→ AVAILABLE DATA:
Start of Block
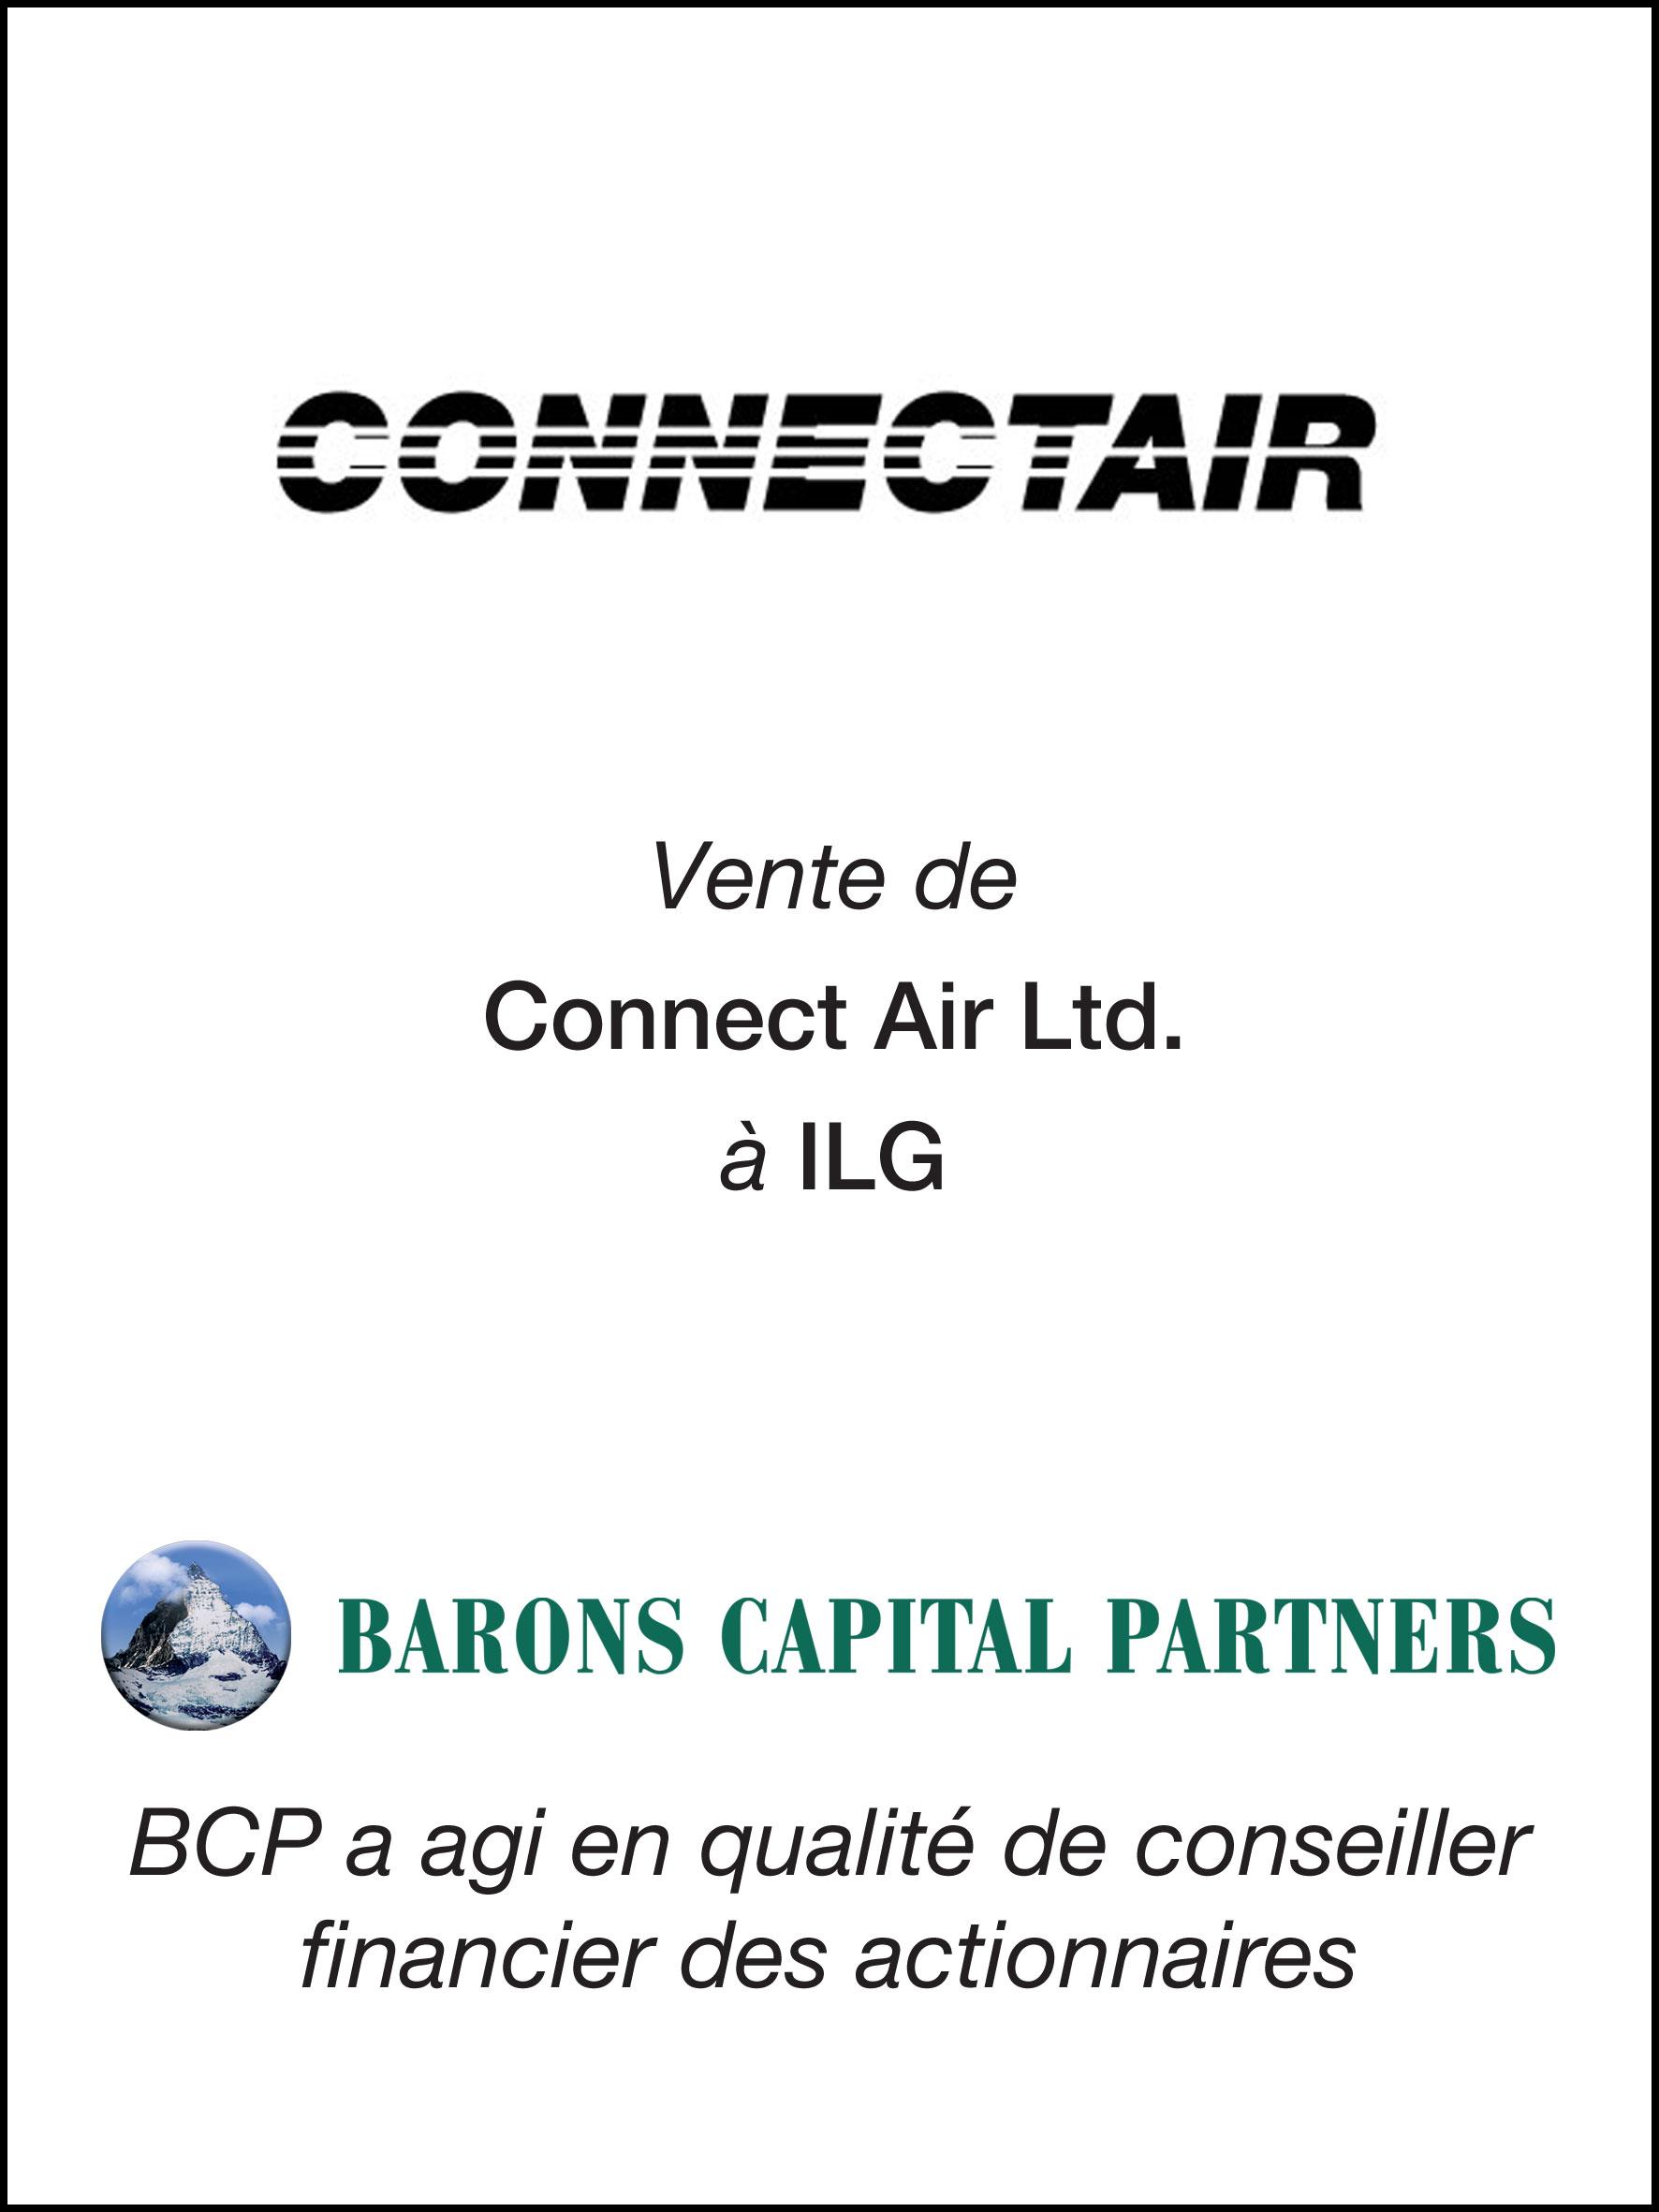 38_Connectair Ltd_F
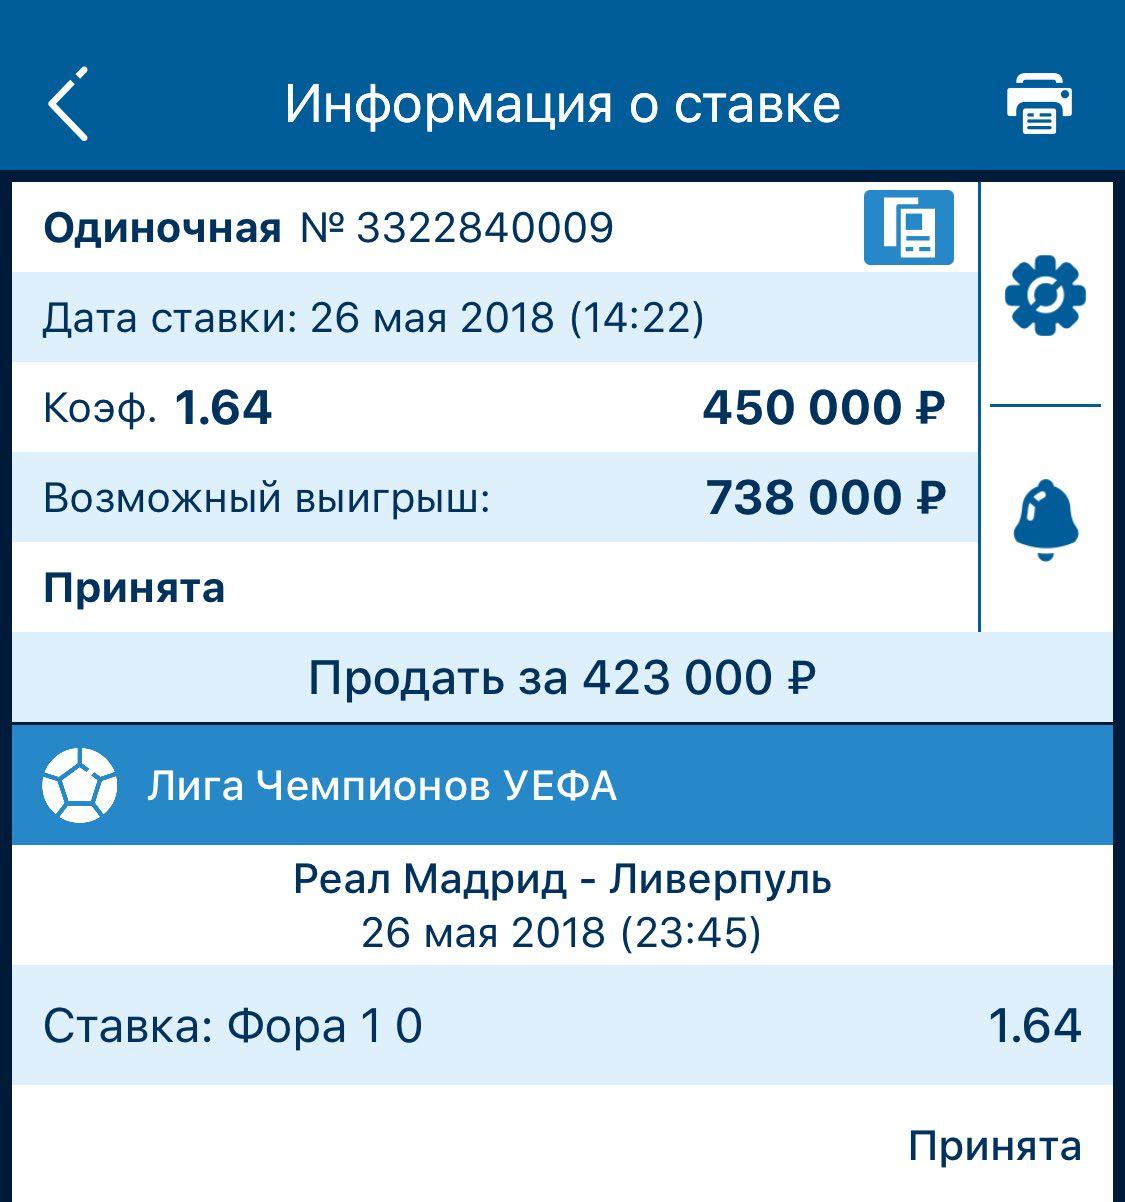 Прогноз на матч Бузарнеску М. - Викери С.: путевка во второй круг достанется Бузарнеску
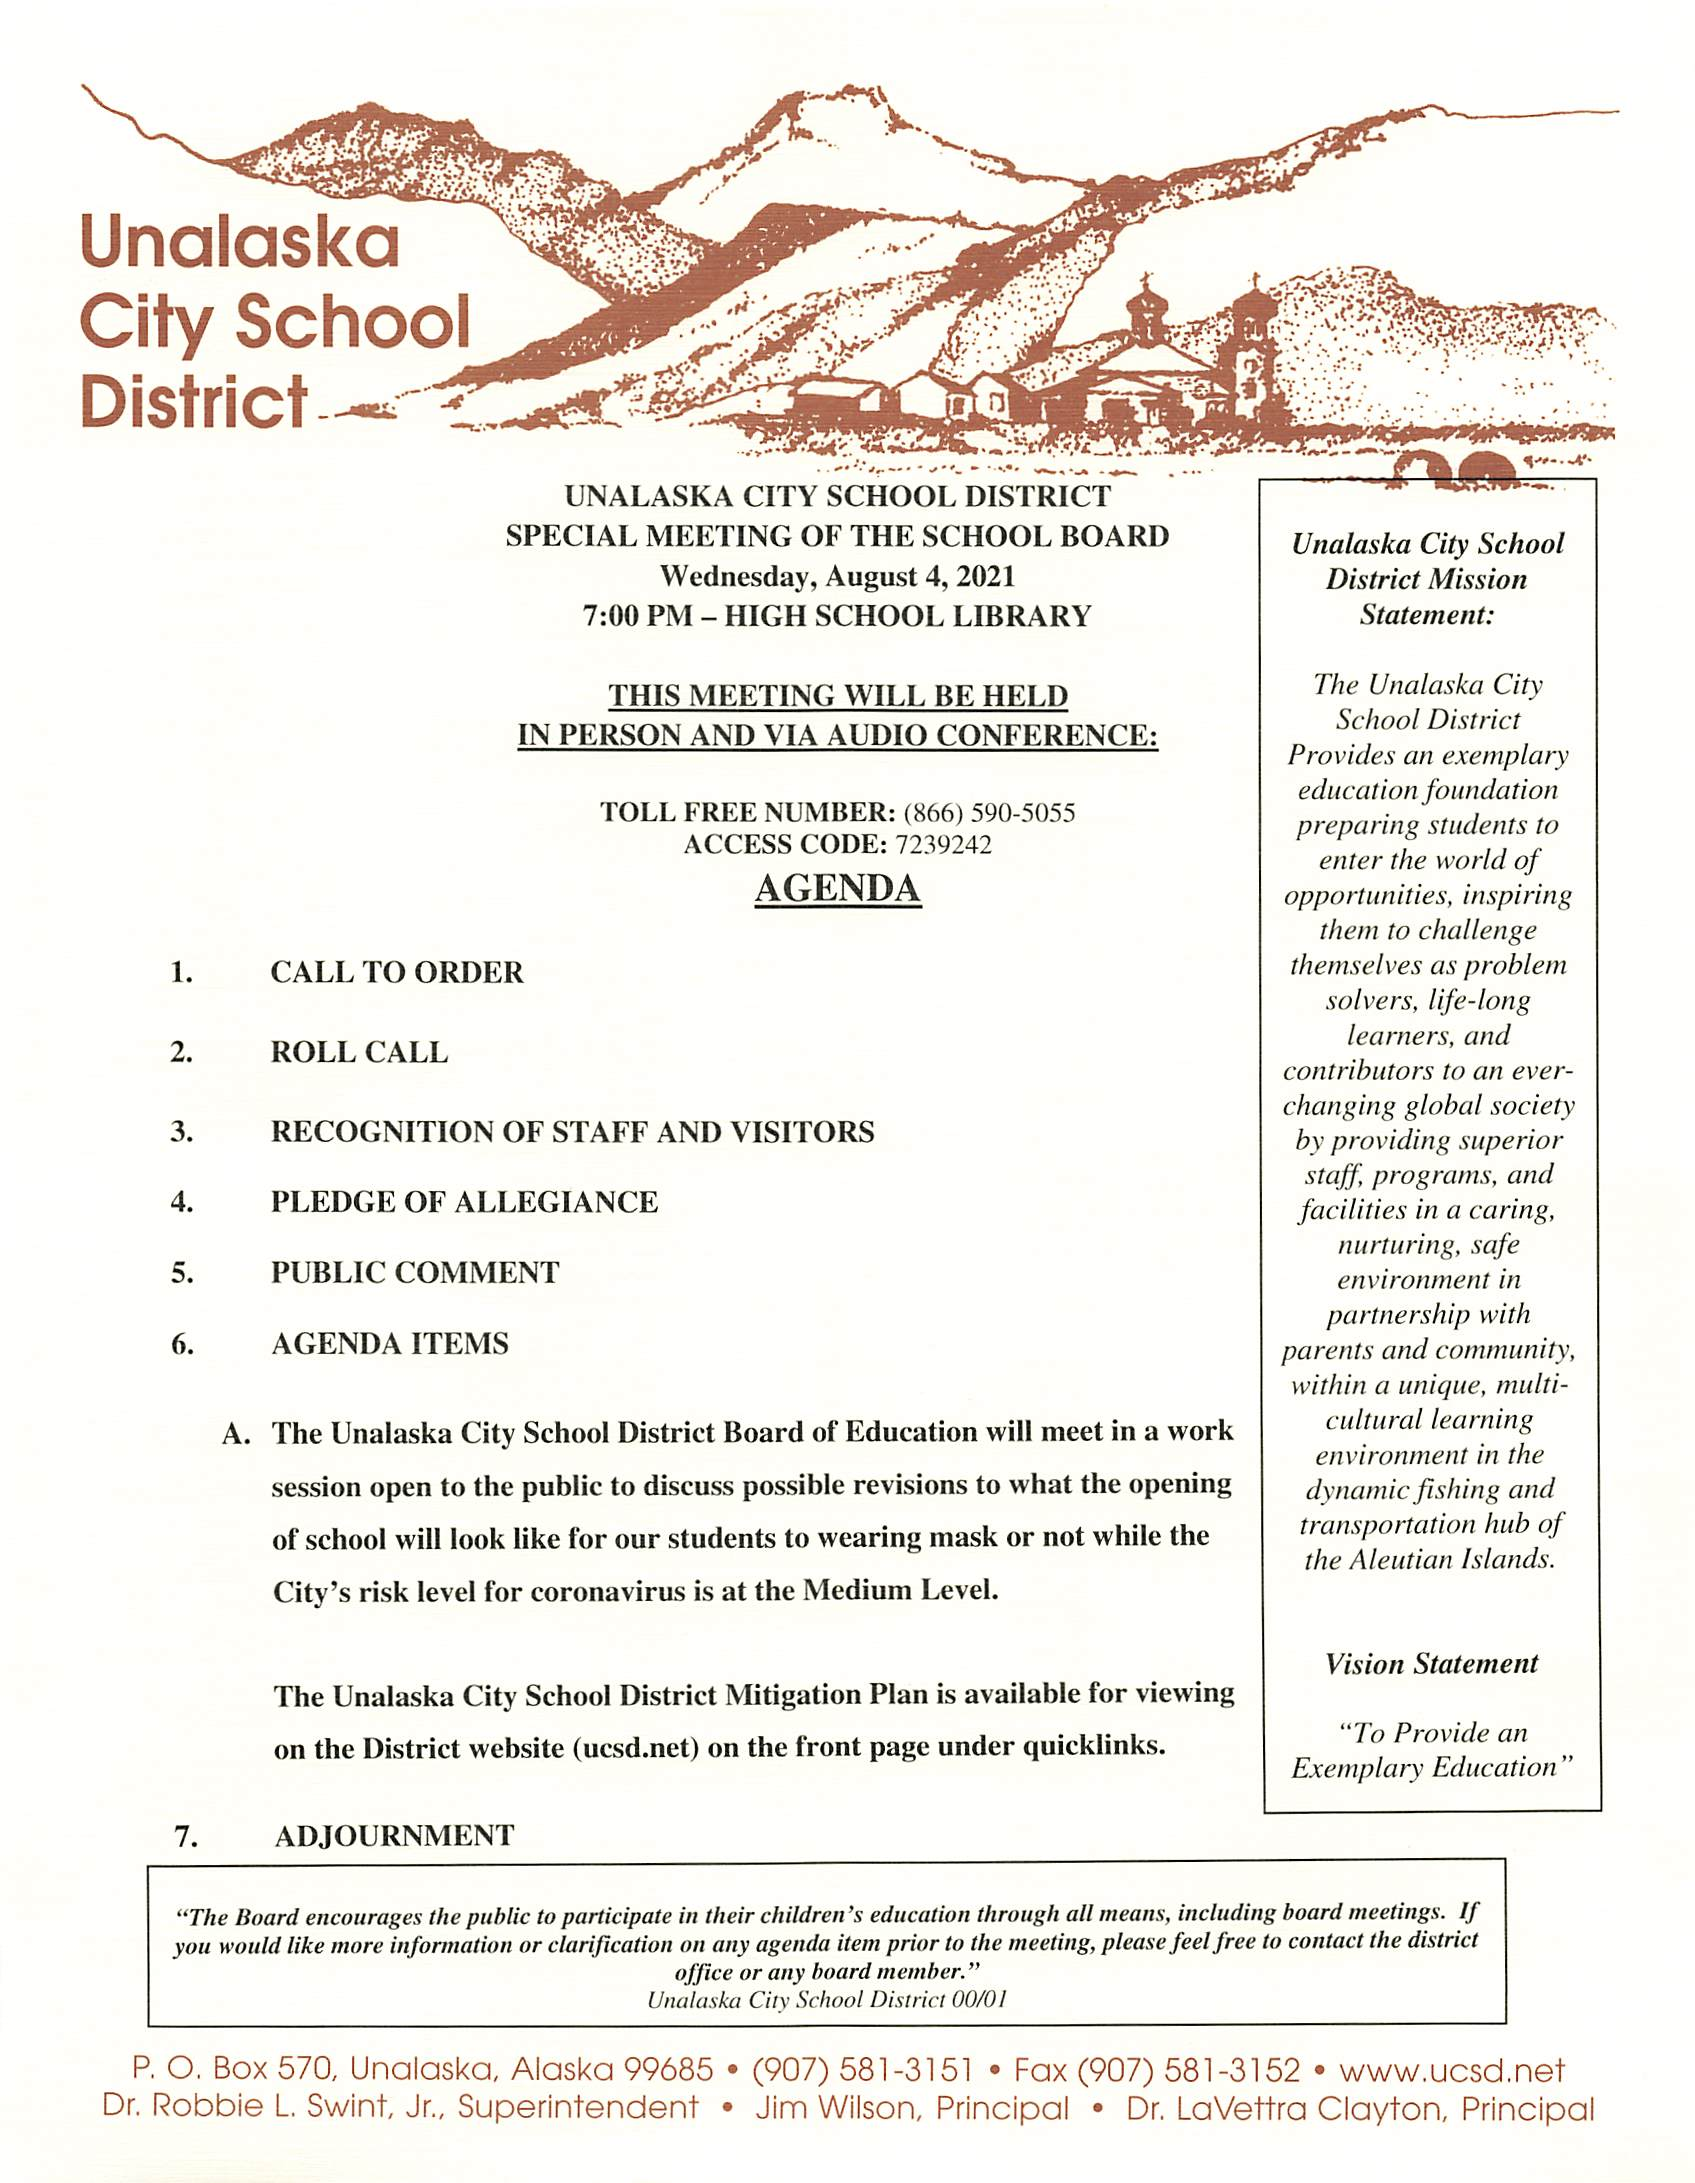 08/04/2021 Special School Board Meeting Agenda
End of Block
→ TASK BRIEF:
Copy out every line of the data exactly, leaving the images behind.

→ ANSWER TO THE EXERCISE:
 38_Connectair Ltd_F
 Прогноз на матч Бузарнеску М. - Викери С.: путевка во второй круг достанется Бузарнеску
 08/04/2021 Special School Board Meeting Agenda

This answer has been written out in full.